Image data can be loaded two different ways
- File -> Load Video File: This will present a folder dialog to select a video file (in mp4 or avi formats).
- File -> Load Image Folder: If you have a collection of images under one folder, use this option to load all the images under that folder. Currently, only tiff files are tested but other formats will likely work as well.
- File -> Load Annotations: Load annotation data in json format. Make sure to set the Show Mask option to All to view all the mask annotations.
- File -> Load Embeddings: Computing the image embeddings for SAM takes long (on my laptop with a GeForce RTX 2070 gpu it takes about 5-6 s per frame). So it is very convenient to Pre-Compute Embeddings (takes about 30 mins for a 300 frame video) and leave it running while I grab some coffee to distract my lab mates with conversations about how AI will take over the world, take our jobs, and make us obselete. After the embeddings are computed they can be saved and subsequently loaded for fast operation.
- File -> Save Annotations: Save annotations in json format.
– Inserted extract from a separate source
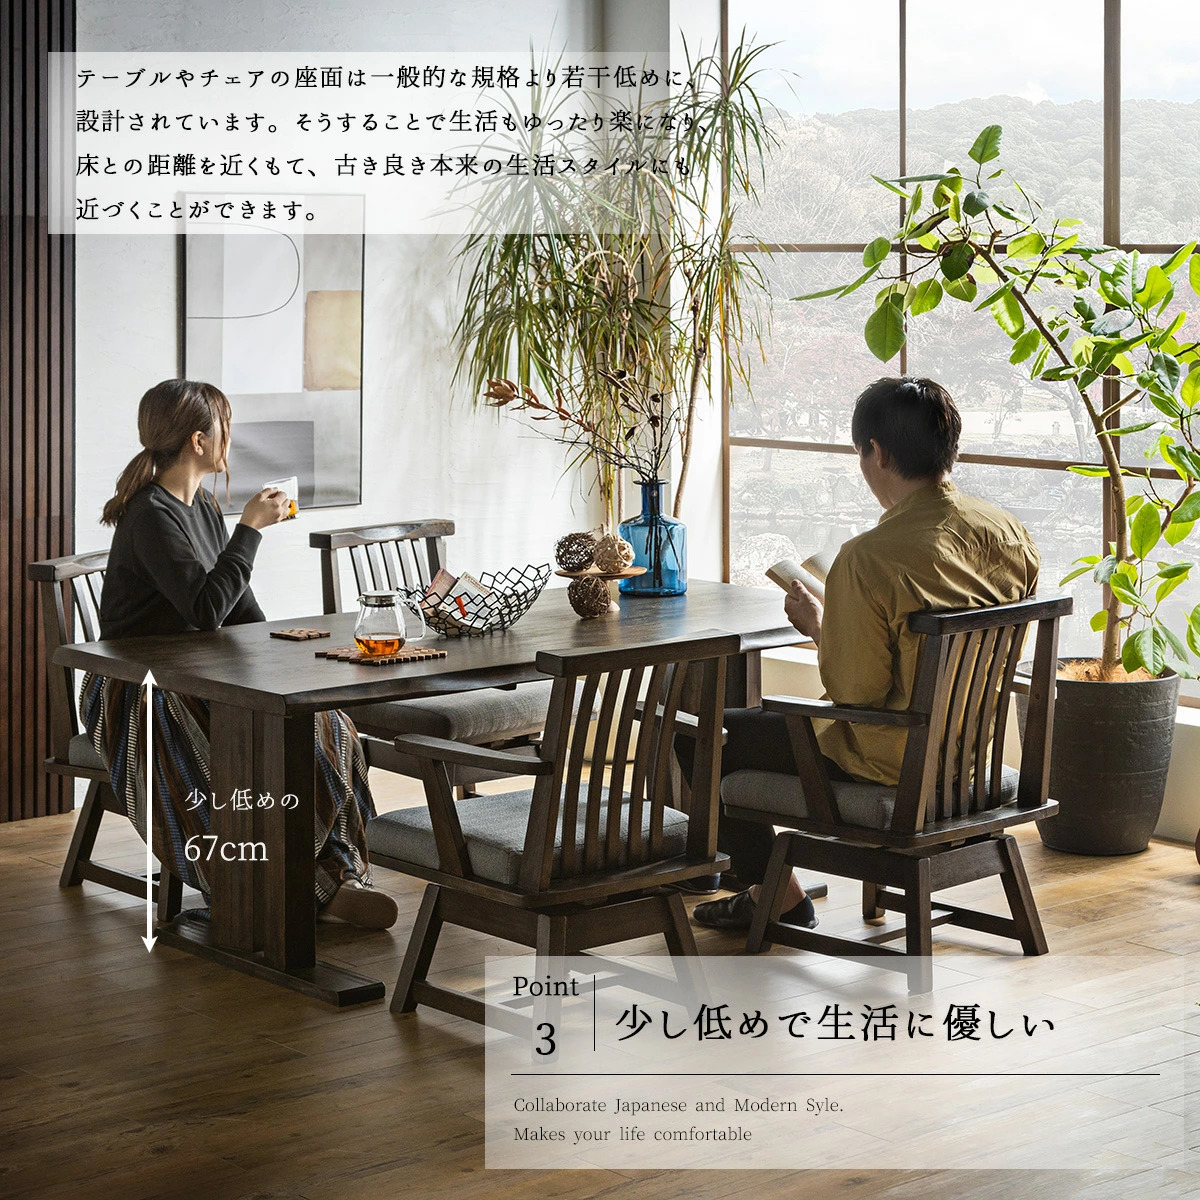 F00601_ダイニングセット 食卓 木目 北欧 日本 おしゃれ おすすめ ダイニングテーブル ダイニングチェア 天然木 5点セット シンプル 無垢  ナチュラル

- File -> Save Embeddings: Save image embeddings for later use to speed up labelling process.
- Zoom in/out using the scroll wheel of your mouse.
- Click and drag to translate the image
- If Annotate setting is On, then
- Left click will include regions (foreground points) and
- Right click will exlude regions (background points) from the segmentation mask
- Press Space-bar to accept a mask or Esc to reject it.
- If you successfully added a segmentation mask, it will appear on the mask list.
- Region 3 shown in the screenshot above highlights the image histogram. Use controls there to enhance image contrast to make faint objects easier to see. This is a useful feature for nearly transparent objects in phase contrast images. Increasing contrast operates on a copy of the image data and does not affect mask detection.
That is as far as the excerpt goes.